• _Try it_: In this exercise, print only the lines from the line with "Hvac Wiring Diagram Test - Fusebox" to the last line of the data below, inclusive. Any pictures should be left out.

• _Material provided_:
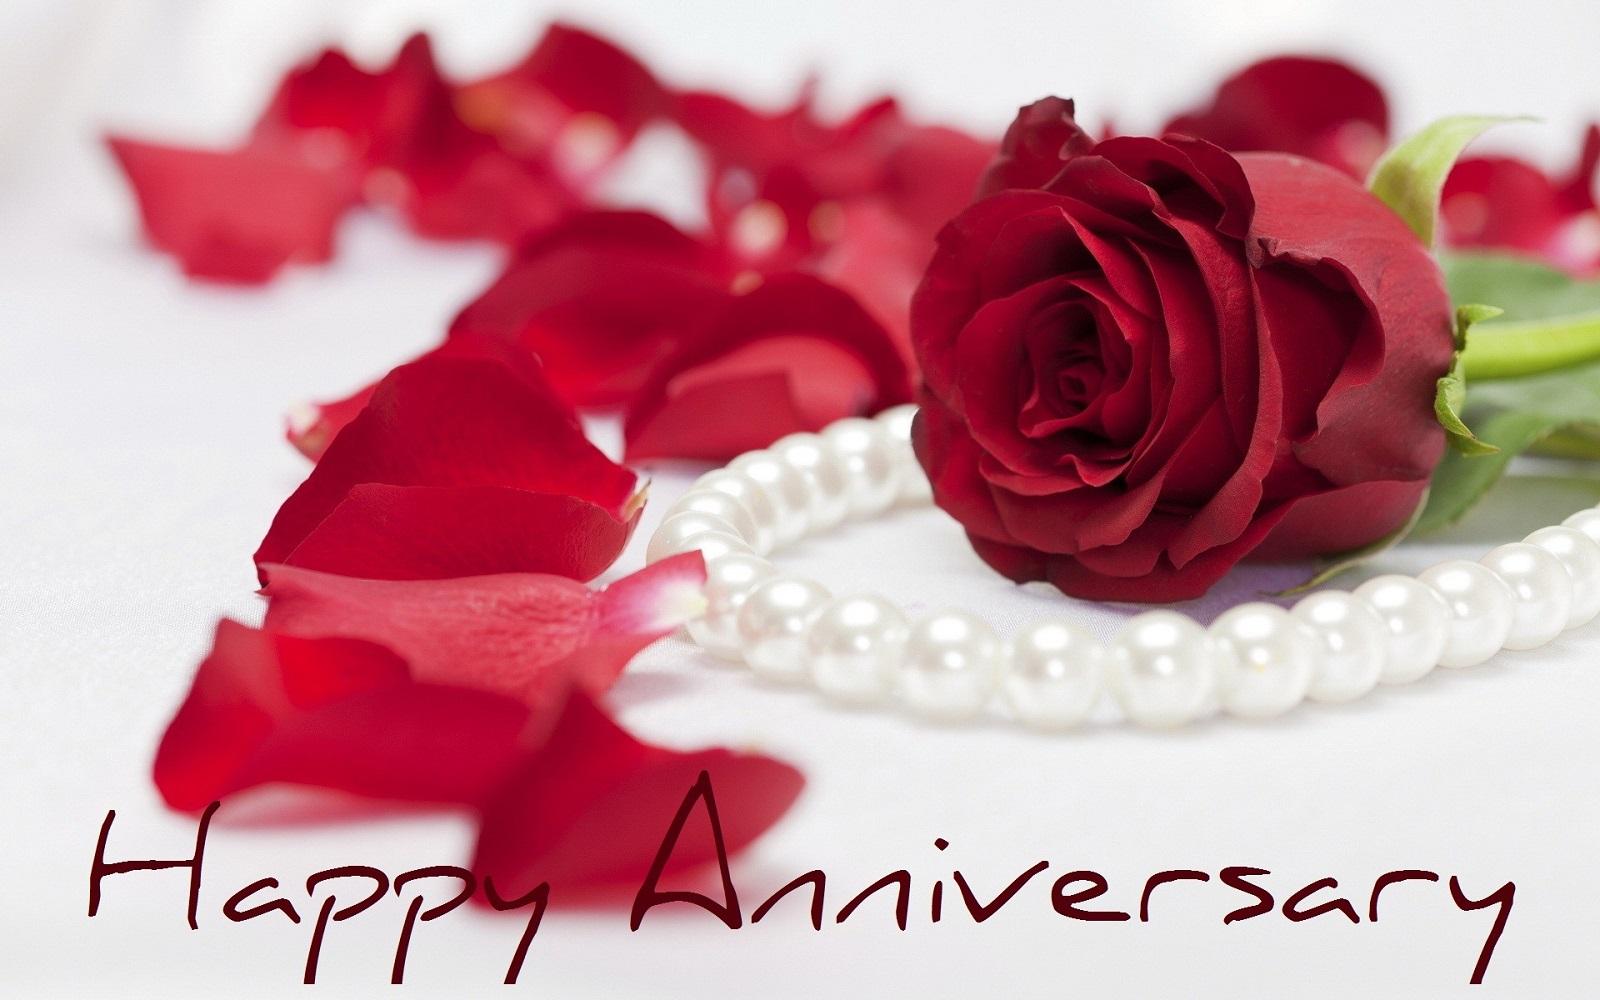 Wonderful Wallpaper Love Anniversary - euJKRm  Collection_41469.jpg
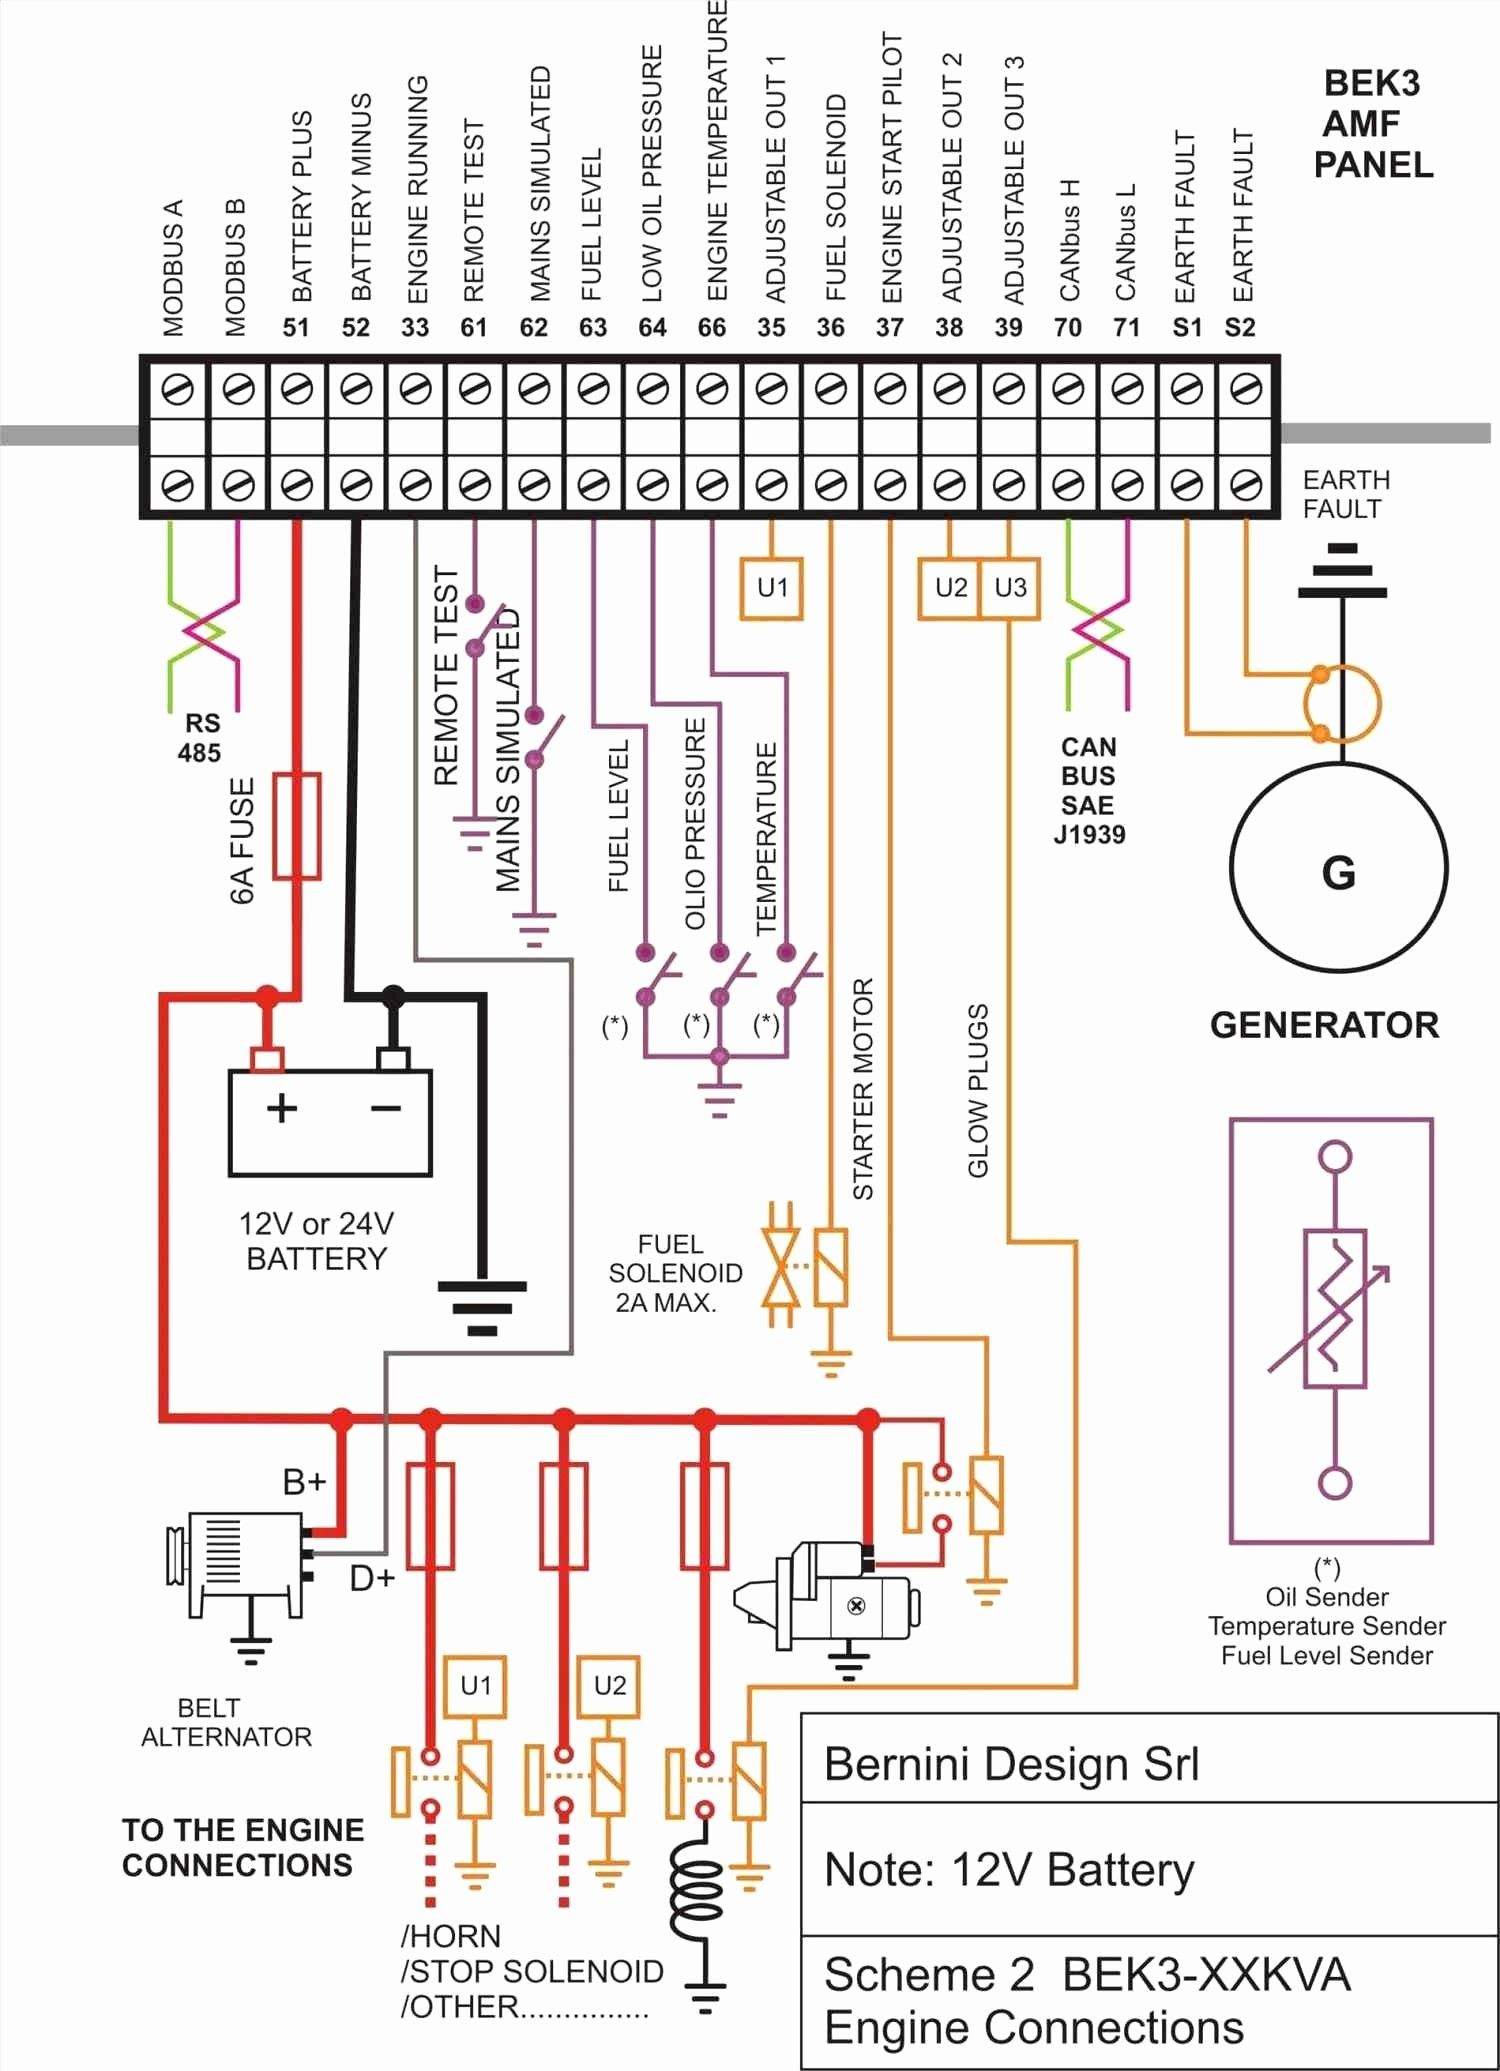 Hvac Wiring Diagram Test - Fusebox and Wiring Diagram layout-guess -  layout-guess.modelrc.it | Hvac Wiring Diagram Test |  | modelrc.it
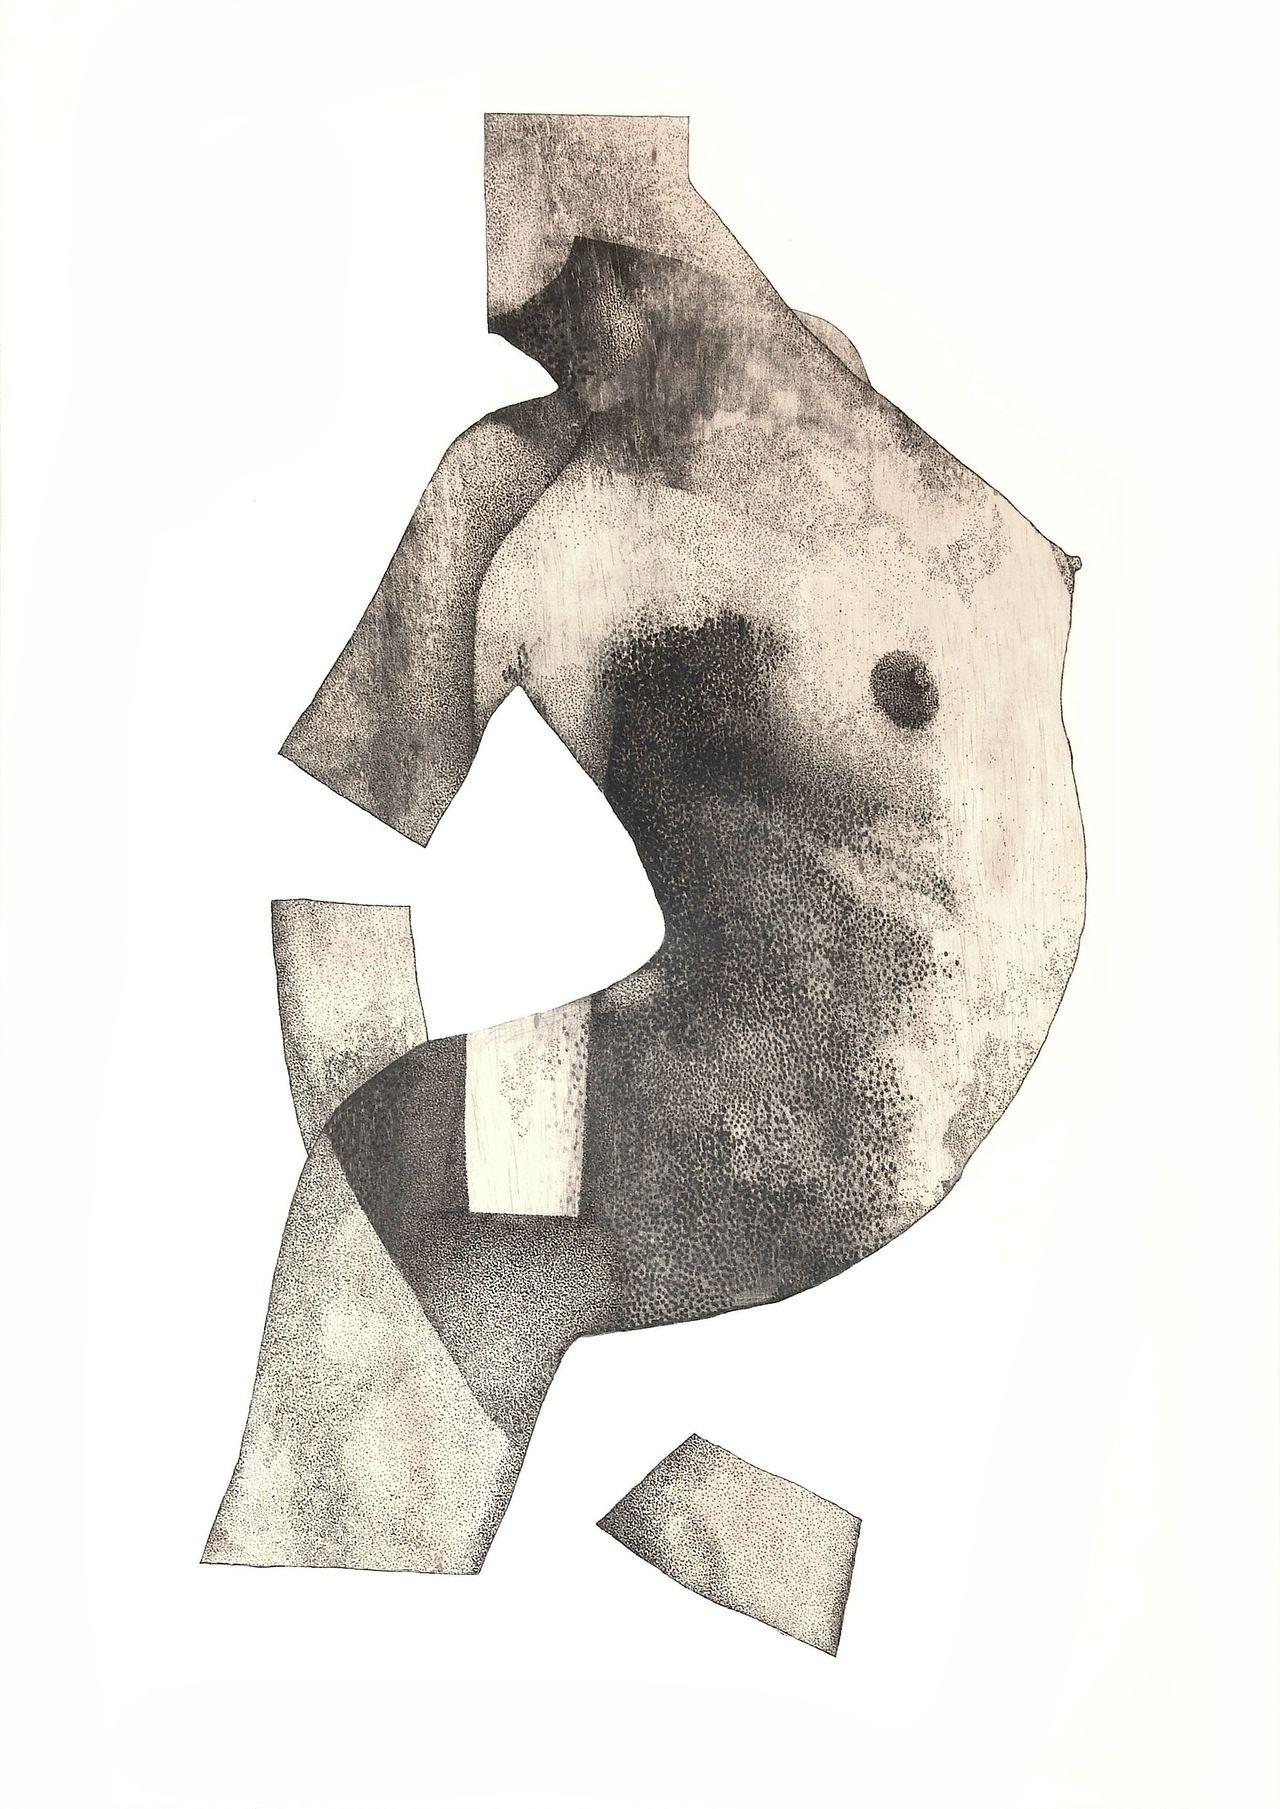 Evan Isoline  'Priestess'  Mixed media on wood panel, 2012

• _Output_:
 Hvac Wiring Diagram Test - Fusebox and Wiring Diagram layout-guess -  layout-guess.modelrc.it | Hvac Wiring Diagram Test |  | modelrc.it
 Evan Isoline  'Priestess'  Mixed media on wood panel, 2012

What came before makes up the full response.